If you work with data much, you don't need a statistical model to predict that the odds of consistently getting data in the format you need for analysis are pretty low. Those who do a great deal of data cleaning and reformatting often turn to scripting languages like Python or specialty tools such as OpenRefine or R.
But it turns out that there's a lot of data munging you can do in a plain old Excel spreadsheet -- if you know how to craft the proper formulas.
In a presentation at the recent 2014 Computer Assisted Reporting (CAR) conference, MaryJo Webster, senior data reporter with Digital First Media -- a newspaper group in New York -- shared some of her favorite Excel tricks.

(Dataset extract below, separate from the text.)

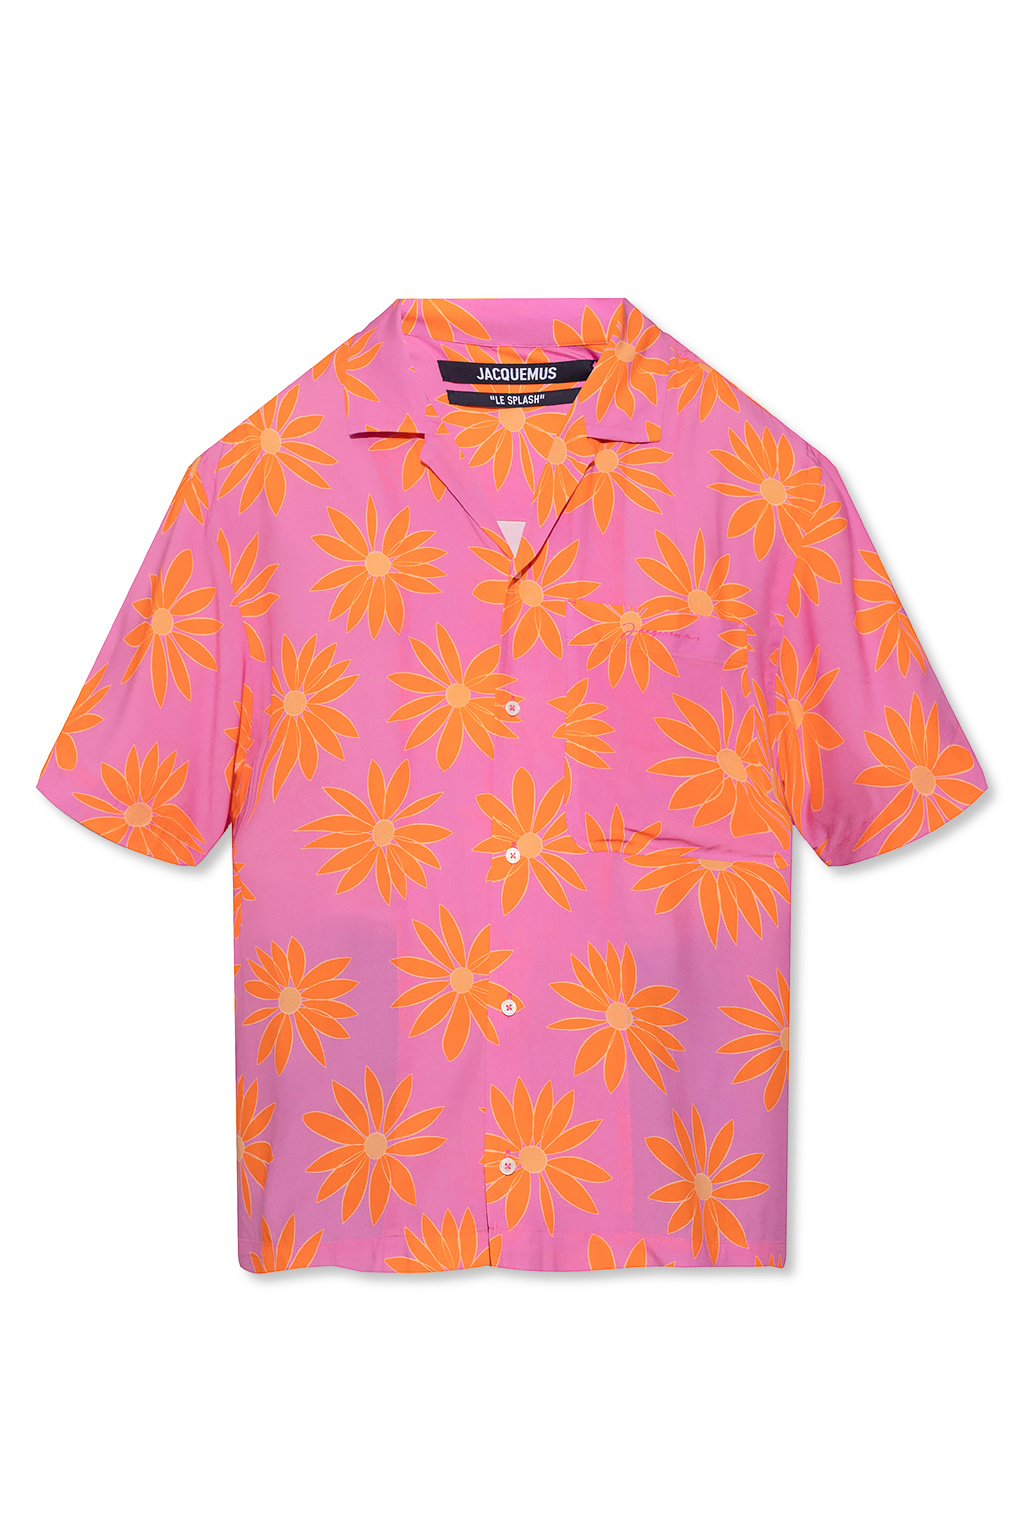 IetpShops | Jacquemus Floral zip shirt | Men's Clothing | Volcom

The goal of these tips, Webster said: Learn at least one new thing that will make you say, "Why didn't I know this before?"
Tip 1: Split dates into separate fields
You can extract the year, month and day into separate fields from a date field in Excel by using formulas =Year(CellWithDate), =MONTH(CellWithDate) and =DAY(CellWithDate). Splitting dates this way -- by year, month and day of month -- works in Microsoft Access as well, Webster said.
In addition, you can also get the day of the week for any date in Excel with =WEEKDAY(CellWithDate). The default returns numbers, not names of the days of week, with 1 for Sunday, 2 for Monday and so on.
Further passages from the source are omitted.